Capítulo XXIV
De los volcanes o bocas de fuego
Aunque en otras partes se hallan bocas de fuego, como el monte Etna y el Vesubio, que ahora llaman el monte de Soma, en Indias es cosa muy notable lo que se halla de esto. Son los volcanes de ordinario cerros muy altos, que se señalan entre las cumbres de los otros montes. Tienen en lo alto una llanura, y en medio una hoya o boca grande, que baja hasta el profundo, que es cosa temerosa mirarlos. De estas bocas hechan humo y algunas veces fuego. Algunos hay que es muy poco el humo que echan, y cuasi no tienen más de la forma de volcanes, como es el de Arequipa, que es de inmensa altura, y cuasi todo de arena, en cuya subida gastan dos días; pero no han hallado cosa notable de fuego, sino rastros de los sacrificios que allí hacían indios en tiempo de su gentilidad, y algún poco de humo alguna vez.

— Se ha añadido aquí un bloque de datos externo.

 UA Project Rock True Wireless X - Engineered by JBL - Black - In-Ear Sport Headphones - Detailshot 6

El volcán de Méjico, que está cerca de la Puebla de los Angeles, es también de admirable altura, que sube de treinta leguas al derredor. Sale de este volcán no continuamente, sino a tiempos, cuasi cada día un gran golpe de humo, y sale derecho en alto como una vira; después se va haciendo como un pluma de muy grande, hasta que cesa del todo, y luego se convierte en una como nube negra. Lo más ordinario es salir por la mañana salido el sol, y a la noche cuando se pone, aunque también lo he visto a otras horas. Sale a vueltas del humo también mucha ceniza: fuego no se ha visto salir hasta agora; hay recelo que salga, y abrase la tierra, que es la mejor de aquel reino, la que tiene en su contorno. Tienen por averiguado que de este volcán y de la sierra de Tlaxcala, que está vecina, se hace cierta correspondencia, por donde son tantos los truenos y relámpagos, y aun rayos, que de ordinario se sienten por allí. A este volcán han subido y entrado en él españoles y sacado alcrebite o piedra azufre para hacer pólvora. Cortés cuenta la diligencia que él hizo para descubrir lo que allí había.

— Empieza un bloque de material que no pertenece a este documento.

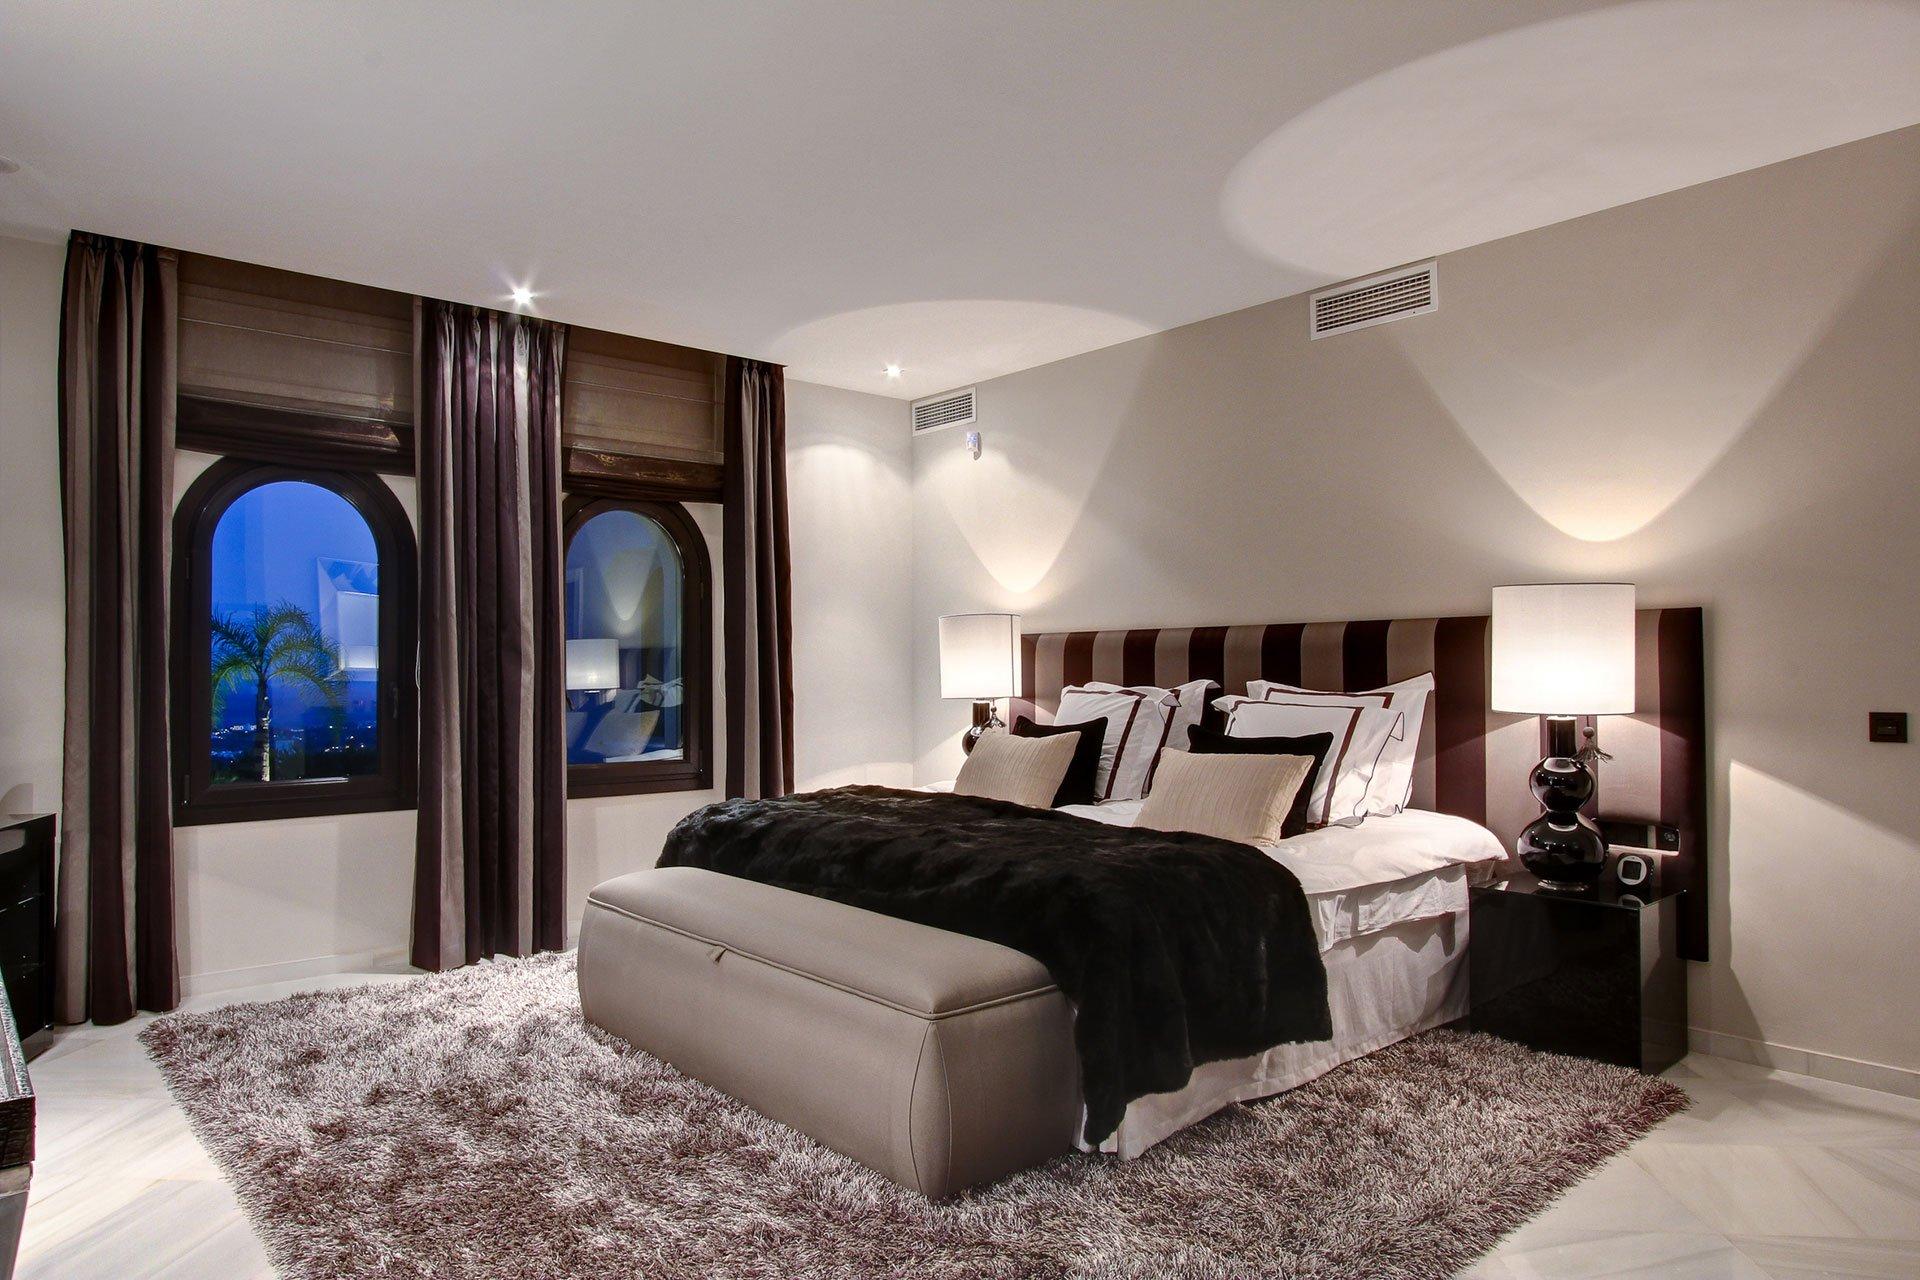 villa-marbella-bedroom-ambience-home-design-02

Los volcanes de Guatimala son más famosos, así por su grandeza, que los navegantes de la mar del sur descubren de muy lejos, como por la braveza de fuego que echan de sí. En veinte y tres de diciembre del año de ochenta y seis pasado sucedió caer cuasi toda la ciudad de Guatimala de un temblor, y morir algunas personas. Había ya seis meses que de noche ni de día no cesó el volcán de echar de sí por lo alto, y como vomitar un río de fuego, cuya materia, cayendo por las faldas del volcán, se convertía en ceniza y cantería quemada. Excede el juicio humano cómo pudiese sacar de su centro tanta materia como por todos aquellos meses lanzaba de sí. Este volcán no solía echar sino humo, y eso no siempre; y algunas veces también hacía algunas llamaradas. Tuve yo esta relación, estando en Méjico, por una carta de un secretario del Audiencia de Guatimala, fidedigna, y aun entonces no había cesado el echar el fuego que se ha dicho de aquel volcán.

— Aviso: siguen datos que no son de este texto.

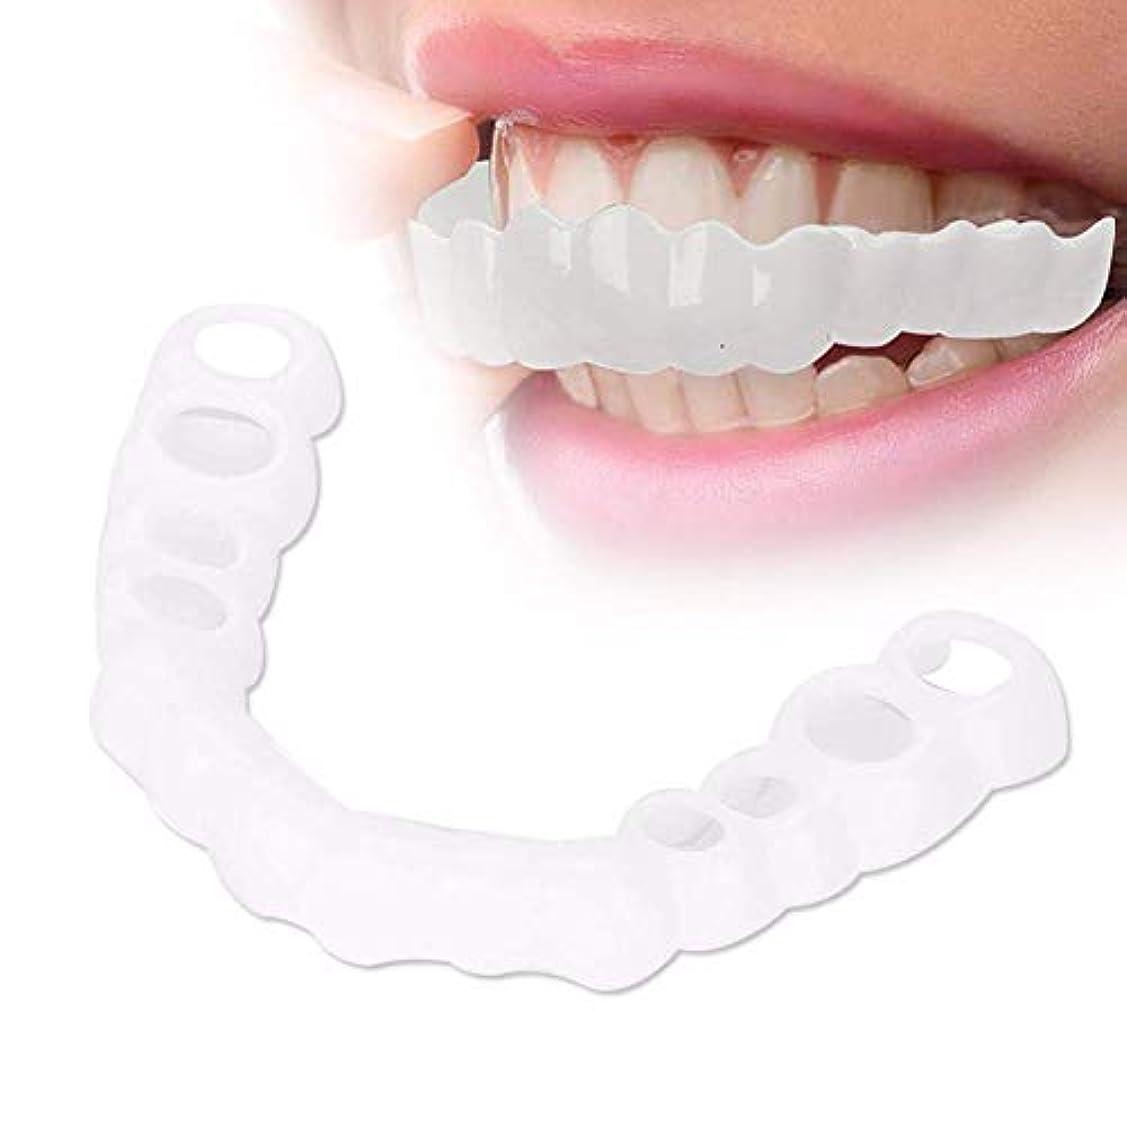 供給あいにくブラケット一時的な微笑の化粧品の歯義歯のベニヤの歯の歯のベニヤ(上の歯)

En Quito los años pasados, hallándome en la ciudad de los Reyes, el volcán que tiene vecino echó de sí tanta ceniza, que por muchas leguas llovió ceniza tanta, que escureció del todo el día; y en Quito cayó de modo, que no era posible andar por las calles. Otros volcanes han visto que no echan llama, ni humo, ni ceniza, sino allá en lo profundo están ardiendo en vivo fuego sin parar. De éstos era aquél, que en nuestro tiempo un clérigo cudicioso se persuadió, que era masa de oro la que ardía, concluyendo que no podía ser otra materia, ni metal, cosa que tantos años ardía sin gastarse jamás; y con esta persuasión hizo ciertos calderos y cadenas, con no sé qué ingenio, para coger y sacar oro de aquel pozo; más hizo burla de él el fuego, porque no había bien llegado la cadena de hierro y el caldero cuando luego se deshacía y cortaba como si fuera estopa. Todavía me dijeron que porfiaba el sobredicho, y que andaba dando otras trazas cómo sacar el oro que imaginaba.